**Dataset section**
Segment Open

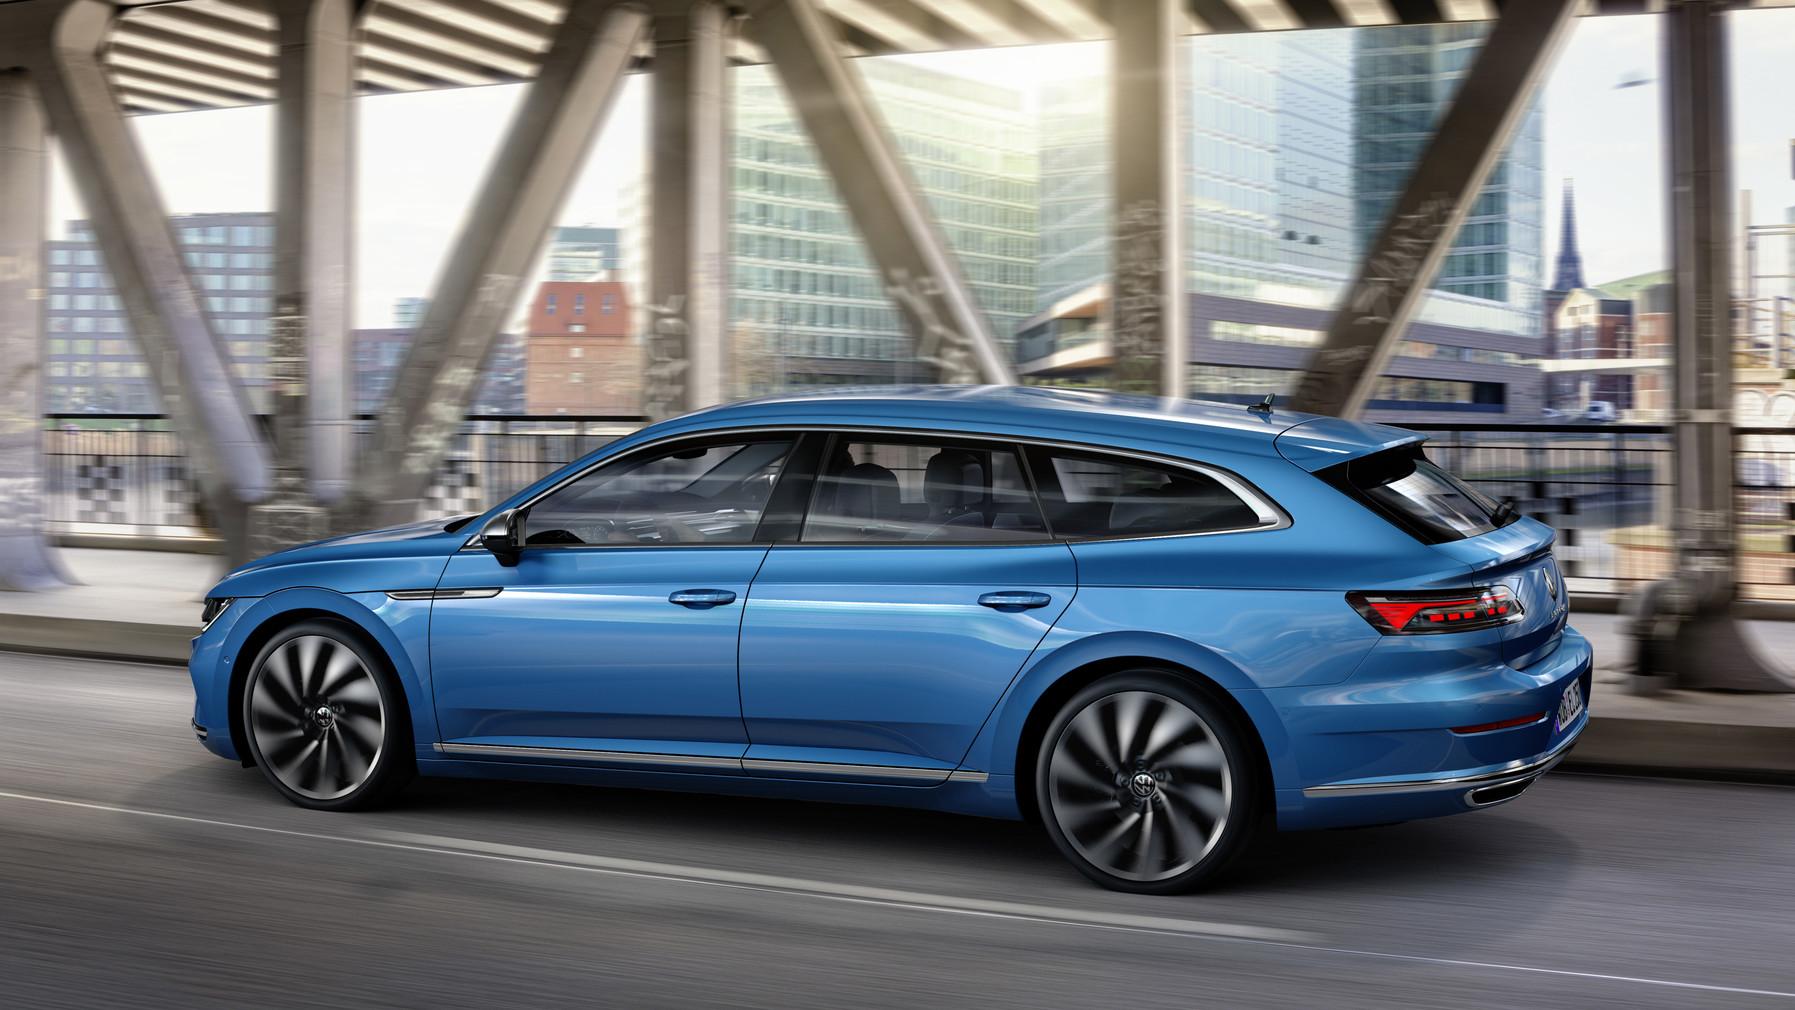 Volkswagen arteon shooting brake jyväskylä linja
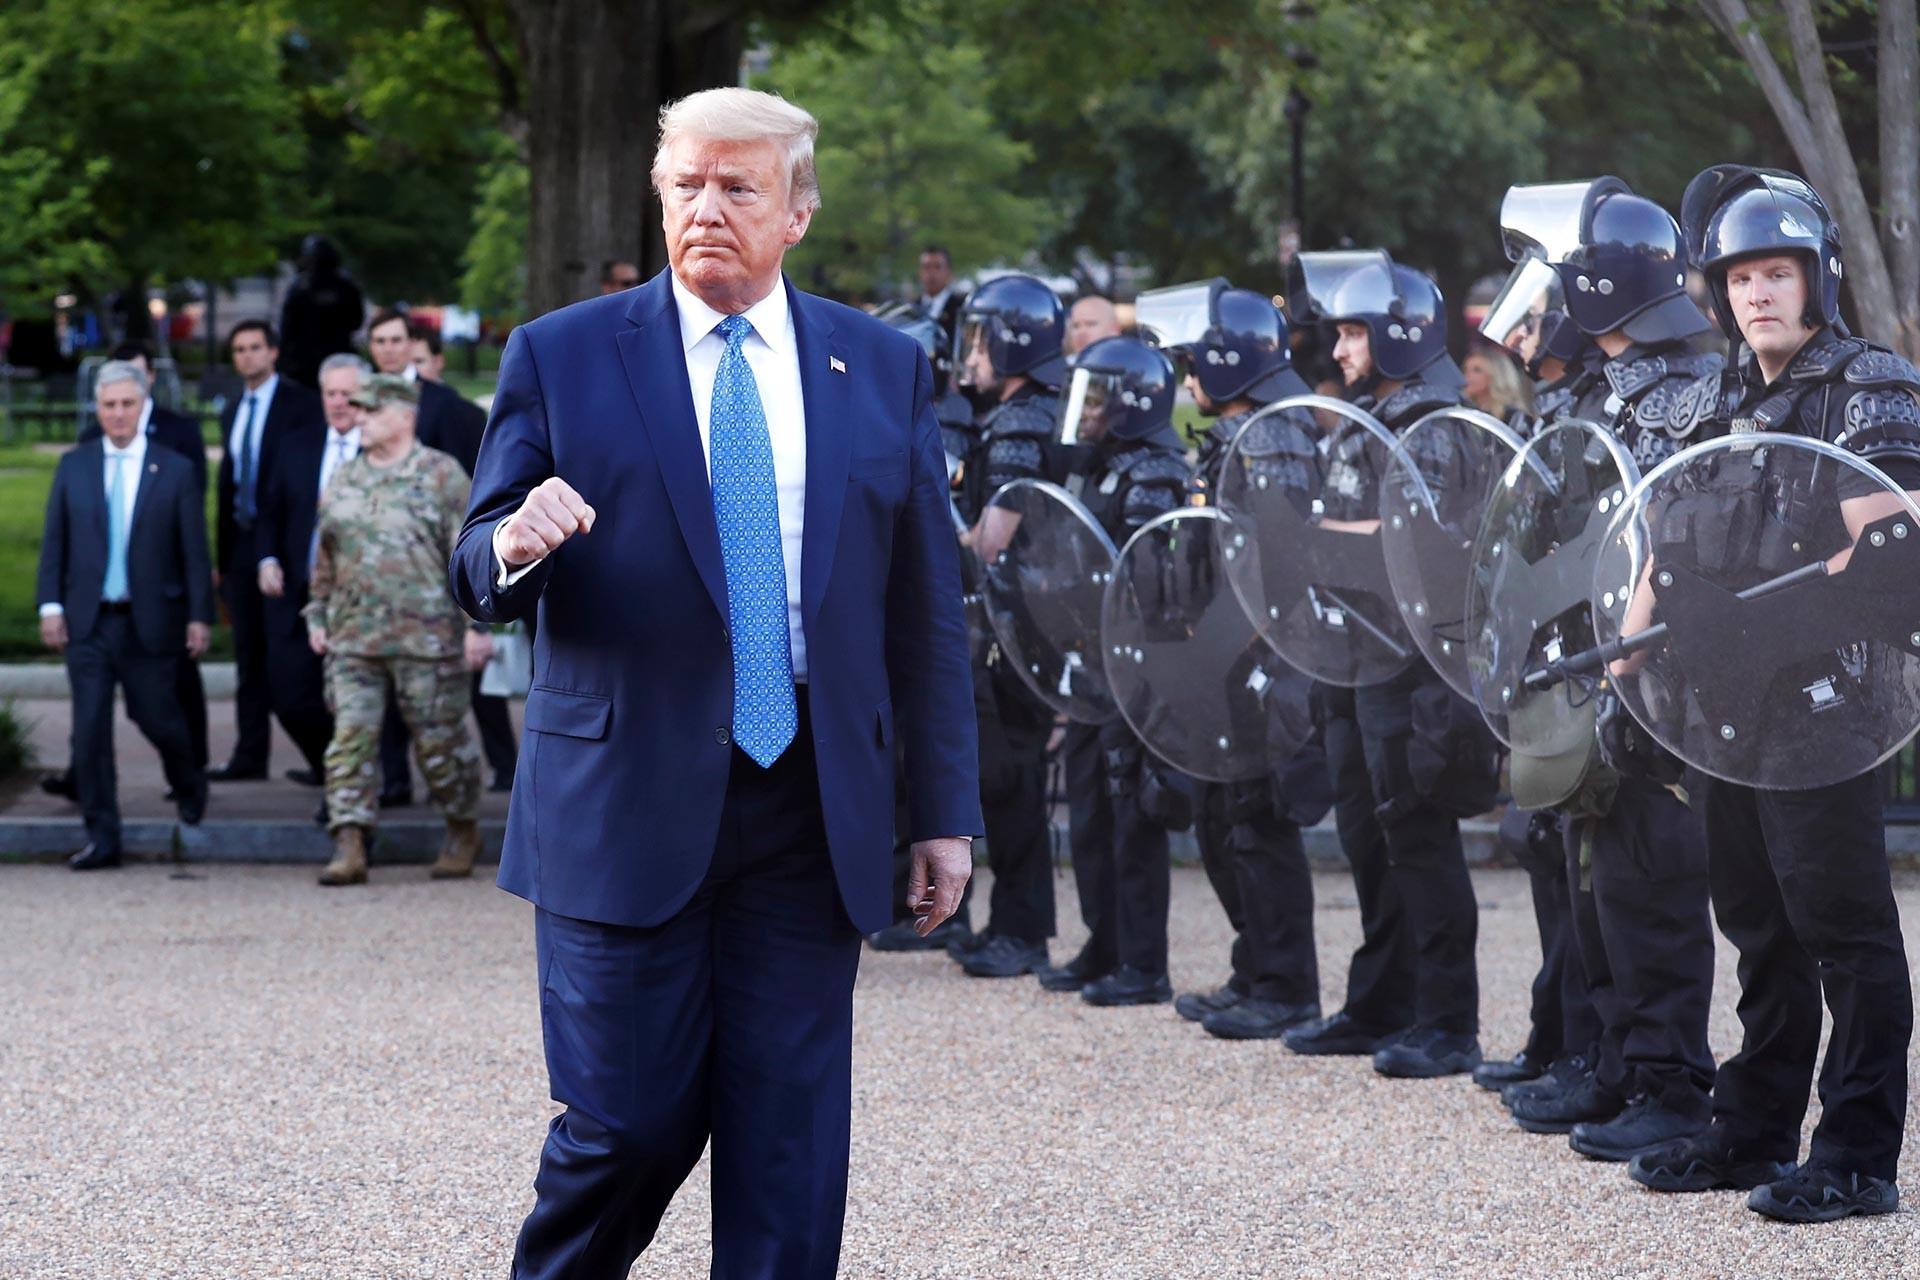 ABD Başkanı Donald Trump, St. Johns Kilisesi'ne elinde tuttuğu İncil ile yürürken.
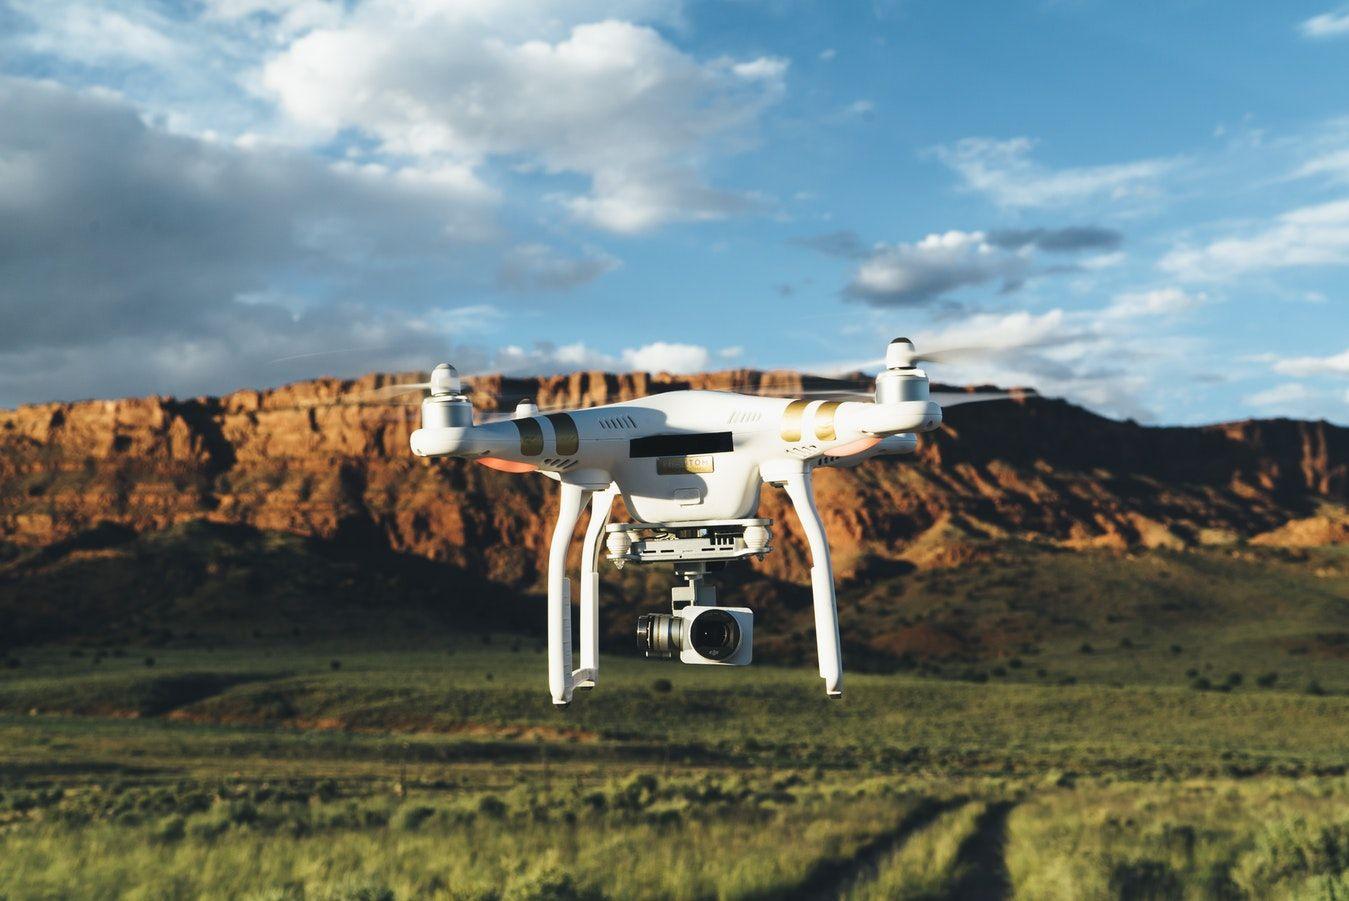 Foto de Dron volando sobre un terreno rural
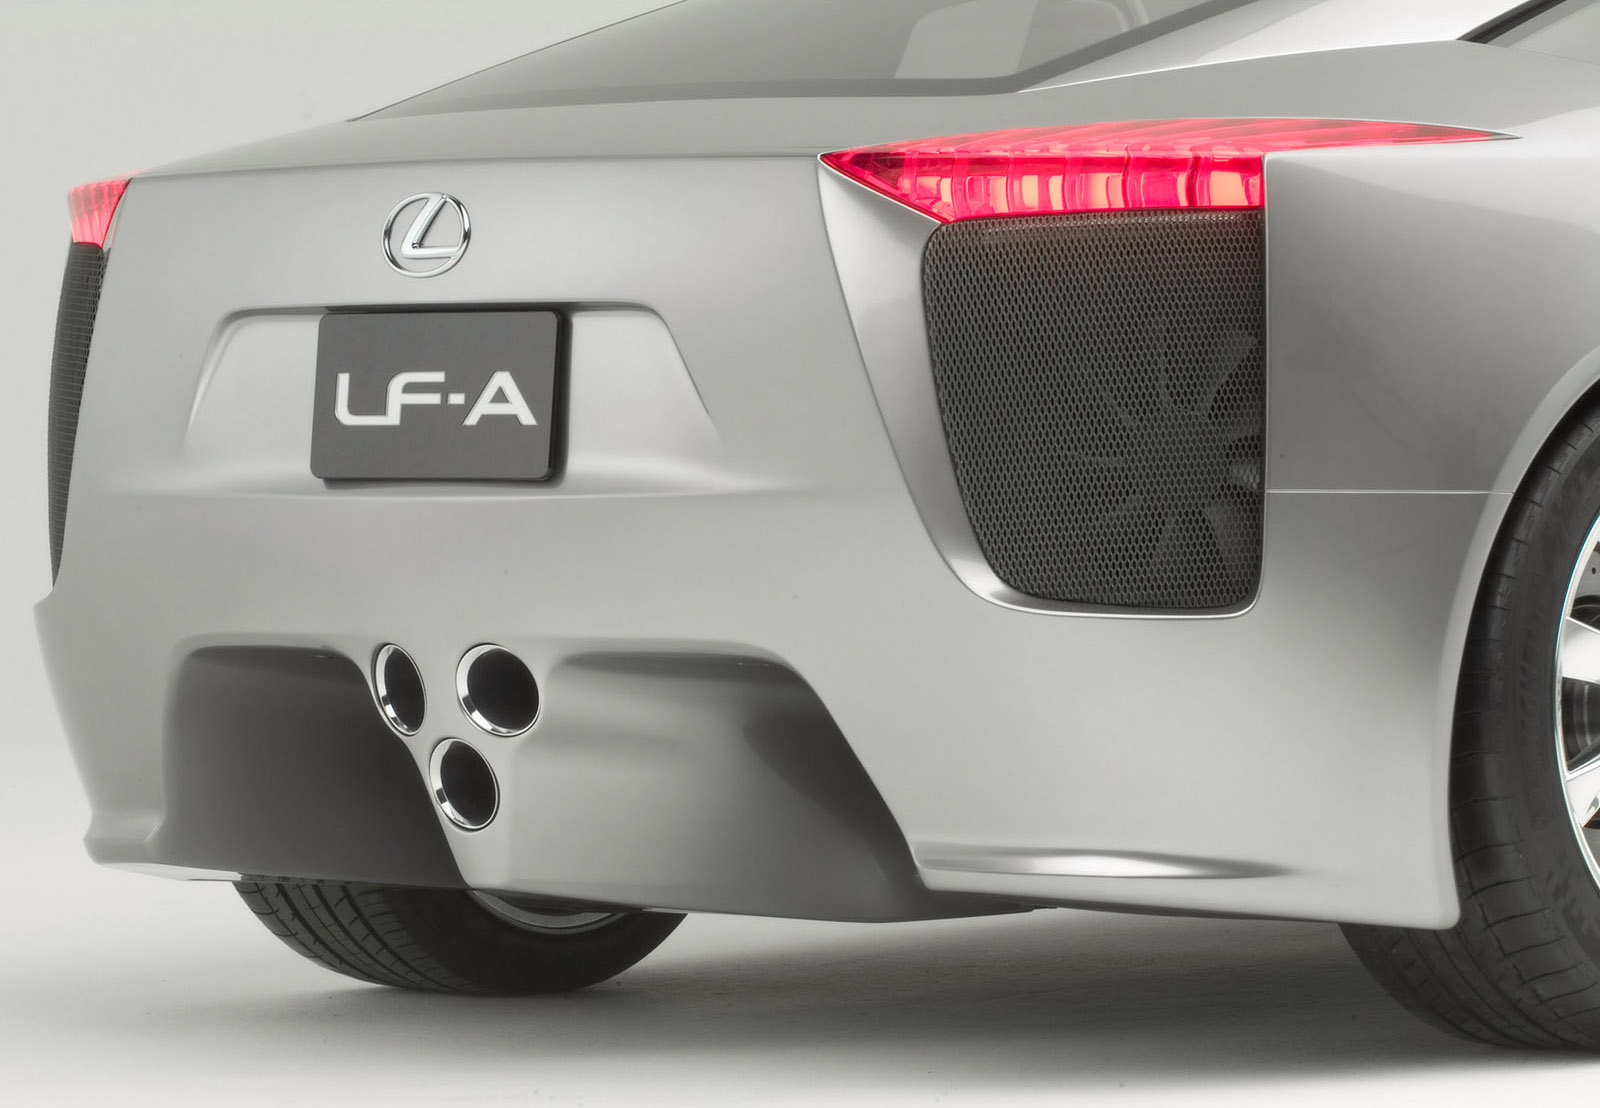 2005 Lexus LF-A Concept - HD Pictures @ carsinvasion.com

Segment Closed

**What is expected**
Would you output the listing above verbatim, without its pictures?

**Problem solution**
 Volkswagen arteon shooting brake jyväskylä linja
 ABD Başkanı Donald Trump, St. Johns Kilisesi'ne elinde tuttuğu İncil ile yürürken.
 Foto de Dron volando sobre un terreno rural
 2005 Lexus LF-A Concept - HD Pictures @ carsinvasion.com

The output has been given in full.